According to them, early warning signs of a decline in ETH usage and network demand manifested after the November 2021 all-time high (ATH) of $4,808. They said there was a decline in on-chain activity and gas fees, which signaled a reduction in DeFi-related transaction activity.
The report stated that the Total Value Locked (TVL) on ETH fell from $205 billion to $81 billion, presenting a 60% fall in six weeks. The rice collapse happened via two significant tranches through May and June.
The first was $94 billion during the implosion of Terraforms Lab’s projects, the Terra LUNA 1.0 and Terra USD (UST). The second was $30 billion as ETH traded below its 2018 ATH of $1,030 in June.
These events put the ETH investor base in historically significant realized losses.
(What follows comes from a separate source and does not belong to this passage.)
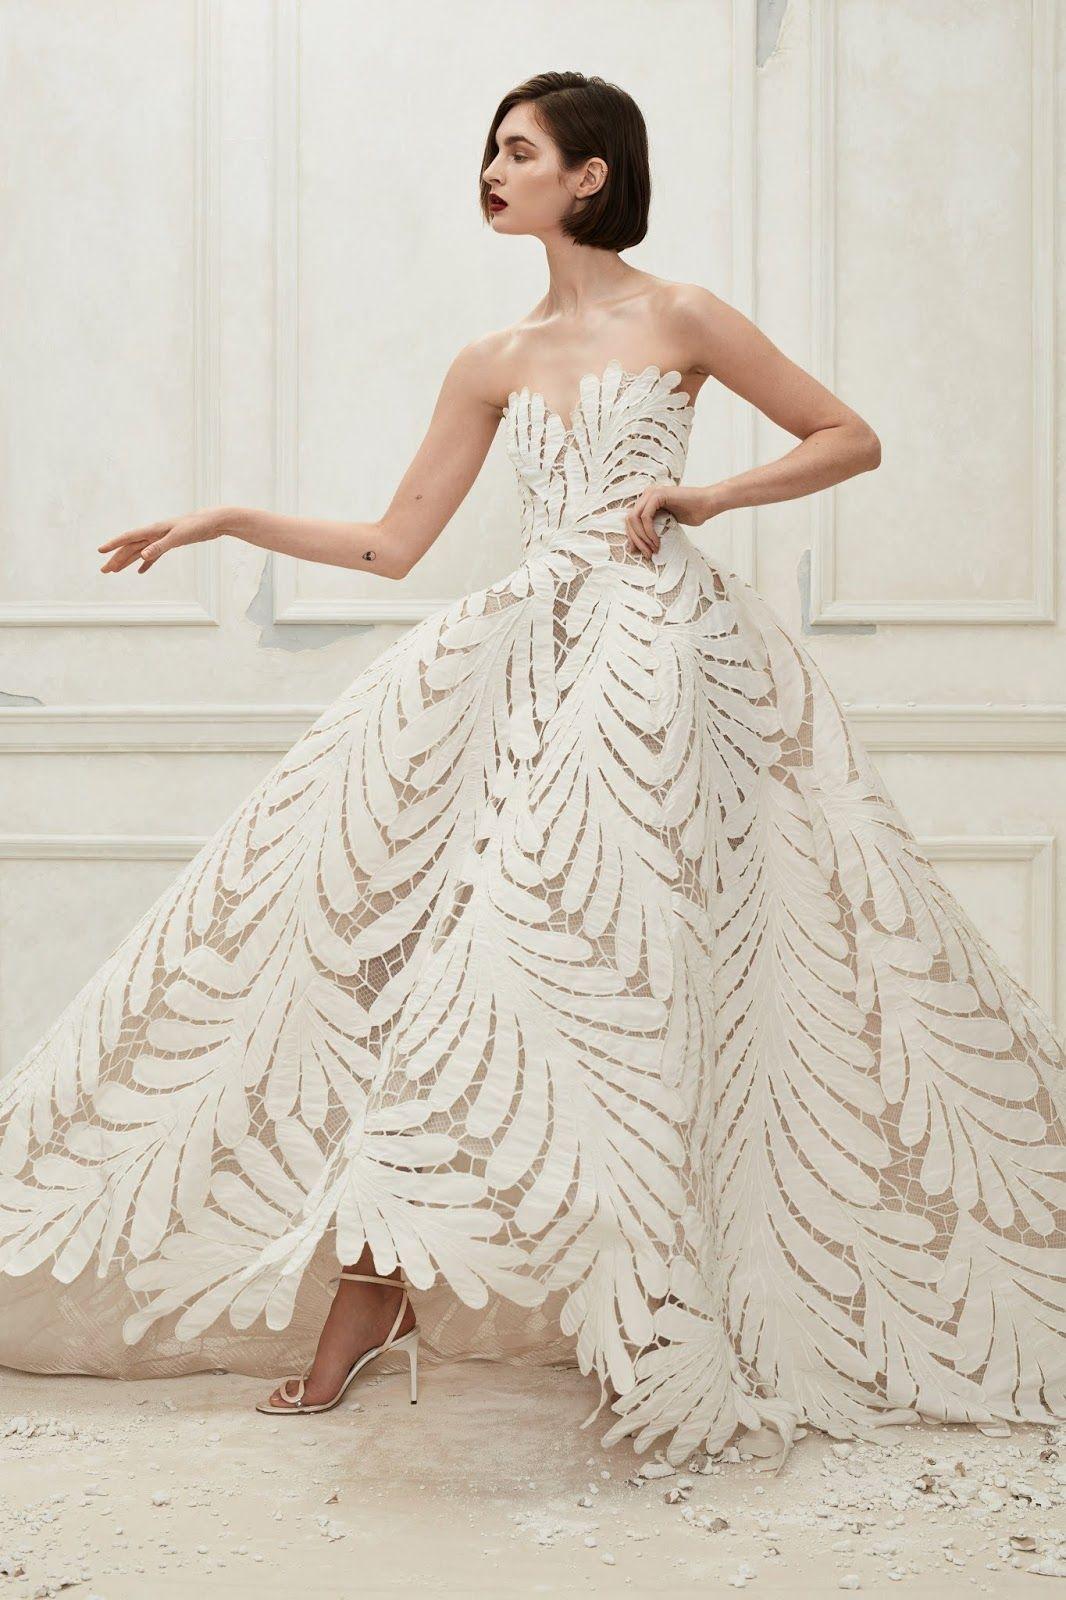 Bridal Elegance Oscar de la Renta October    Dream Wedding

The combined market cap of the top four stablecoins, Tether USD (USDT), Circle USD (USDC), Binance USD (BUSD), and the ETH-based USD (DIA), now exceeds the Ethereum market capitalization by $3 billion. Meanwhile, their combined size never reached 50% of the ETH market cap throughout 2021.
Glassnode later noted that though the current de-leveraging in the ETH DeFi ecosystem is a painful process, it will allow the ecosystem to heal and rebuild on firmer foundations.
Over the weekend, ETH touched $880. It currently trades at $1,173, with a 5% increase in the last 24 hours.